[417] Women in Colorado have been of greatest service in establishing the following laws:
1—Establishing a State Home for dependent children, three of the five members of the board to be women.
2—Requiring that at least three of the six members of the county visitors shall be women.
3—Making mothers joint guardians of their children with the fathers.
4—Raising the age of protection for girls to 18 years.
5—Establishing a State Industrial School for girls. There had long been one for boys, but the women could not get one for girls until they had the vote.
6—Removing the emblems from the Australian ballots. This is a little, indirect step toward educational qualifications for voting.
7—Establishing the indeterminate sentence for prisoners.
8—Requiring one physician on the board of the Insane Asylum to be a woman.
9—Establishing truant schools.
10—Making better provision for the care of the feeble-minded.
11—For tree preservation.
12—For the inspection of private eleemosynary institutions by the State Board of Charities.
13—Various steps toward prevention of cruelty to animals.
14—Providing that foreign life and accident insurance companies, when sued, must pay the costs.
15—Establishing a juvenile court.
16—Making education compulsory for all children between the ages of 8 and 16, except those who are ill or those who are 14 and have completed the eighth grade, or those whose parents need their help and support.
17—Making the mother and father joint heirs of a deceased child.
18—Providing for union high schools.
19—Establishing a State travelling library commission.
20—Providing that any person employing a child under 14 in any mine, mill, or factory be punished by imprisonment in addition to a fine.
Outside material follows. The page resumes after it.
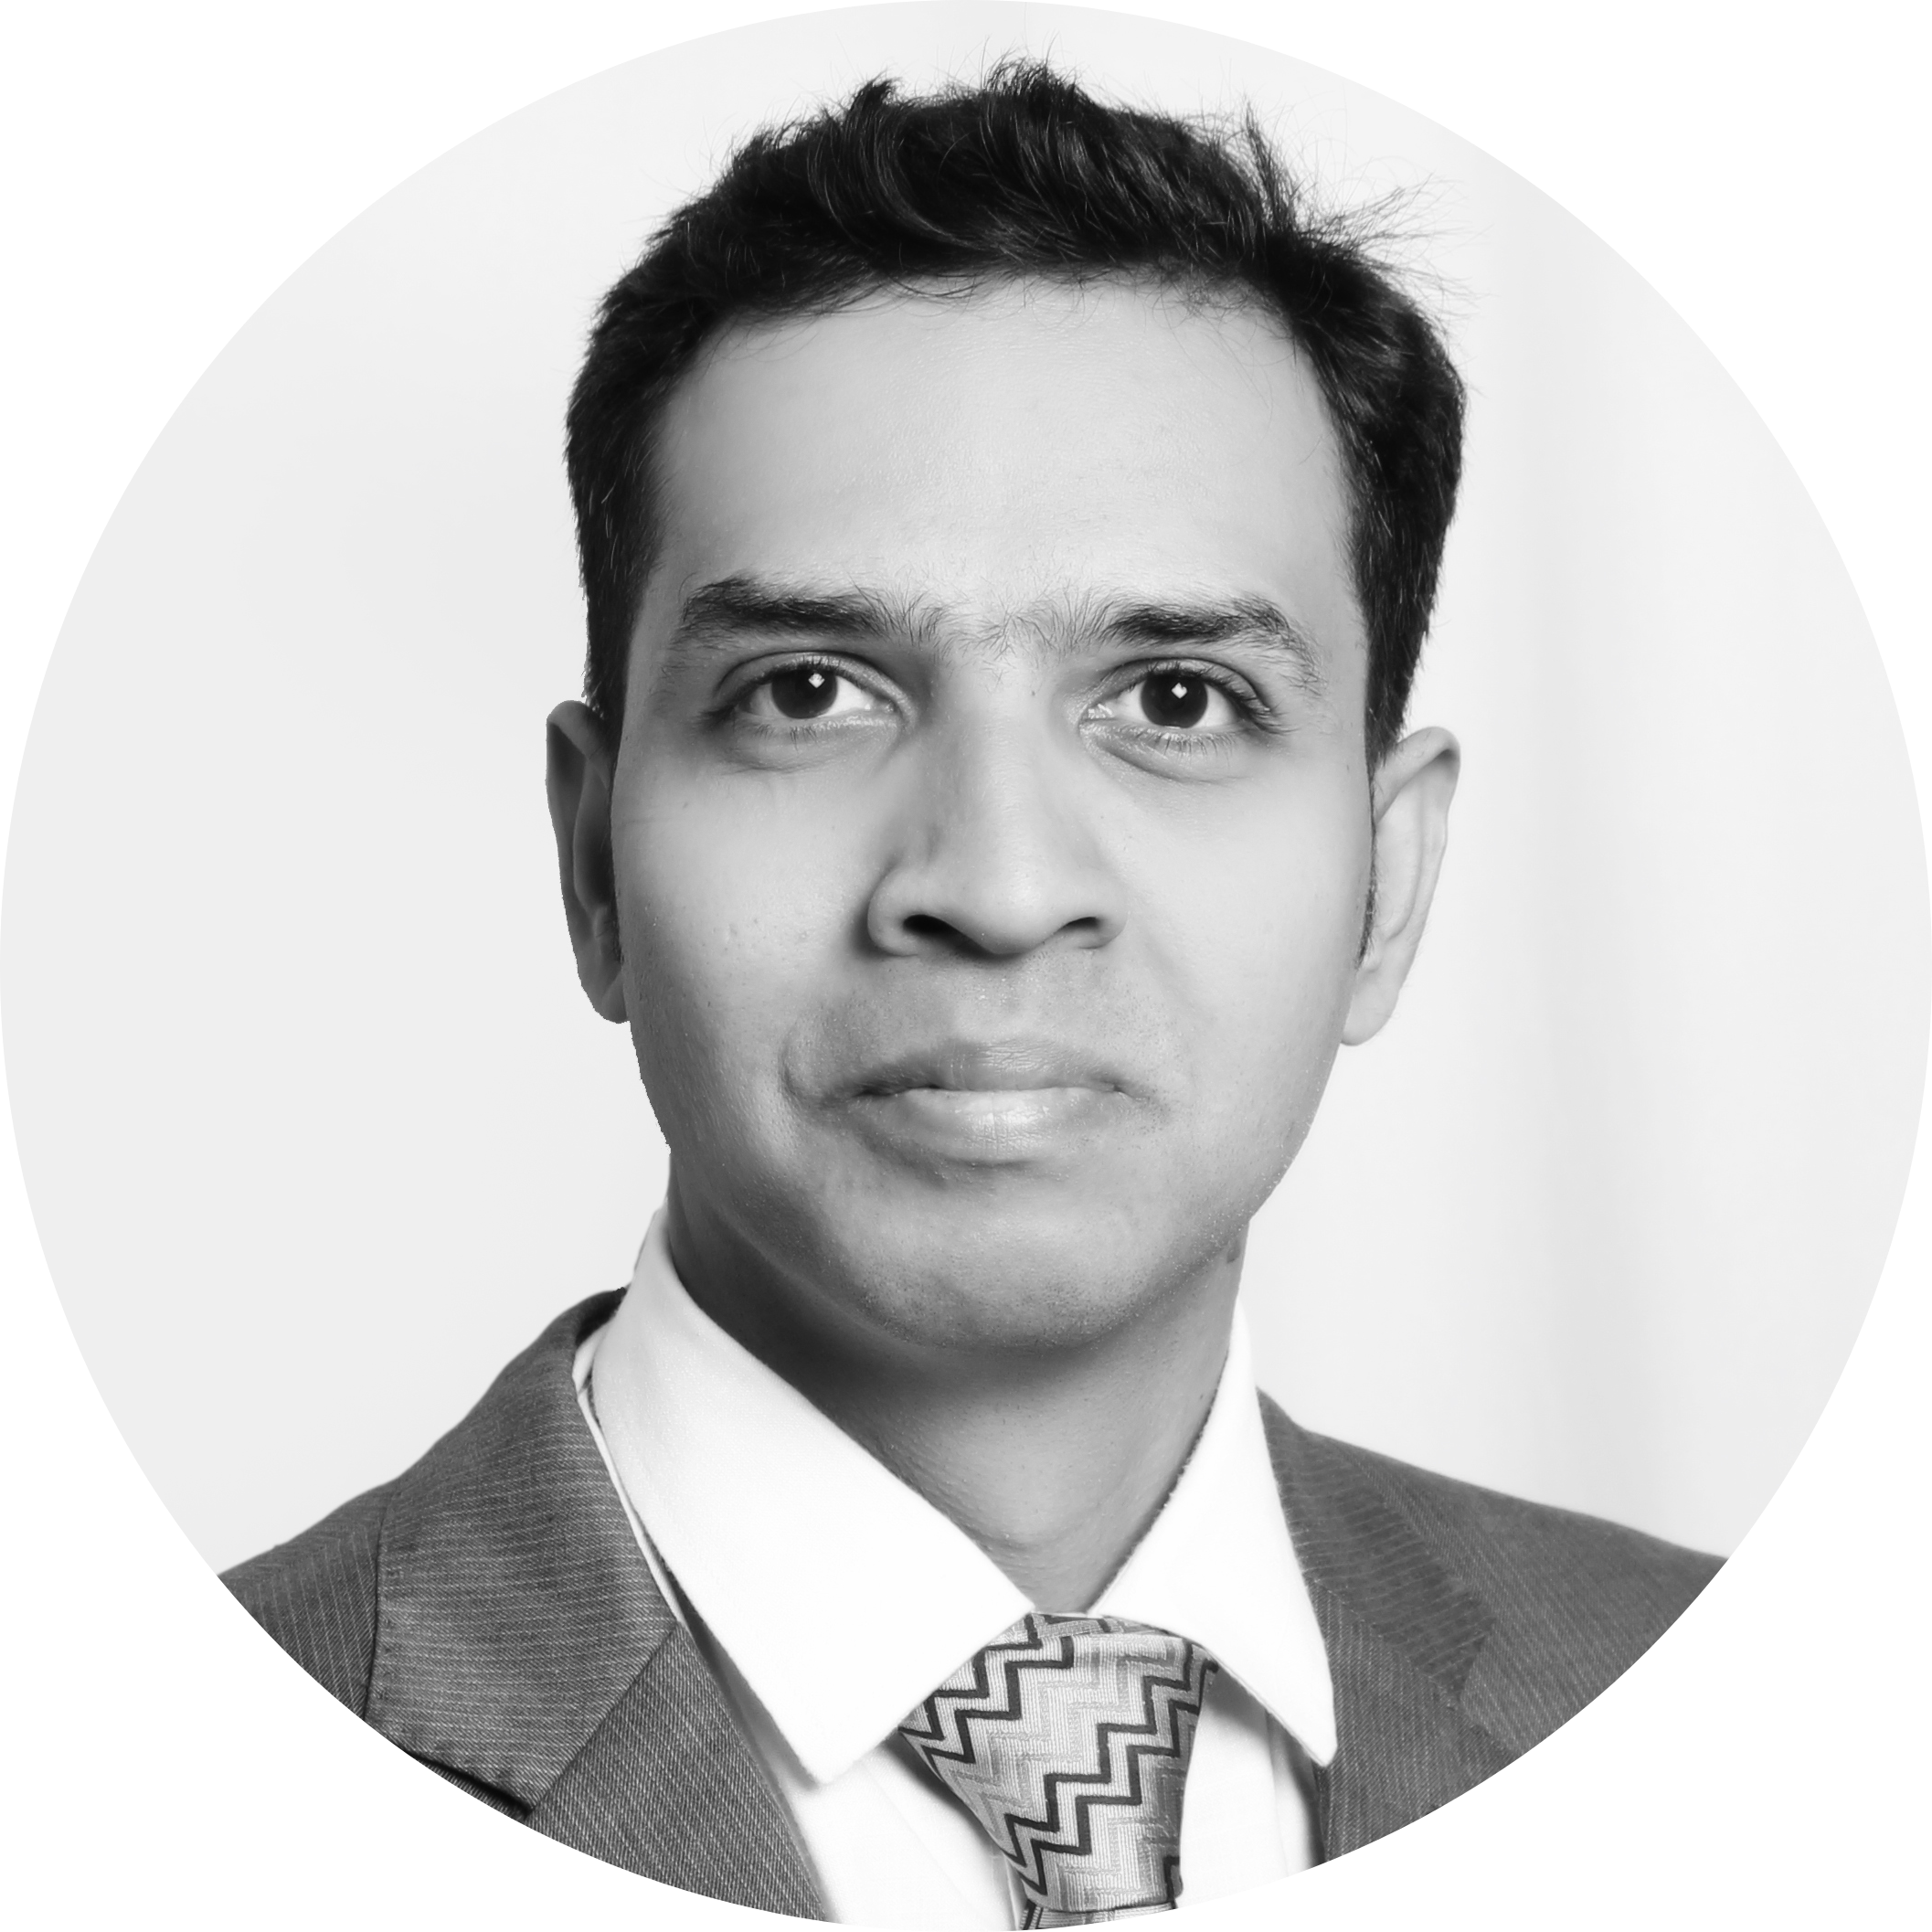 Gaurav Bhosale

21—Requiring the joint signature of the husband and wife to a mortgage of a homestead.
22—Forbidding the insuring of the lives of children under 10.
23—Forbidding children of 16 or under to work more than six hours a day in any mill, factory, or other occupation that may be unhealthful.
24—Making it a criminal offence to contribute to the delinquency of children—the parental responsibility act.
25—Making it a misdemeanour to fail to support aged or infirm parents.
26—Providing that no woman shall work more than eight hours a day at work requiring her to be on her feet.
27—Restricting the time for shooting doves.
28—Abolishing the binding out of girls committed to the Industrial School until the age of 21.
29—A pure food law in harmony with the national law.
[418] In the Boston Herald for June 4, 1910.
[419] Quoted in the New York Times of Jan. 9, 1910.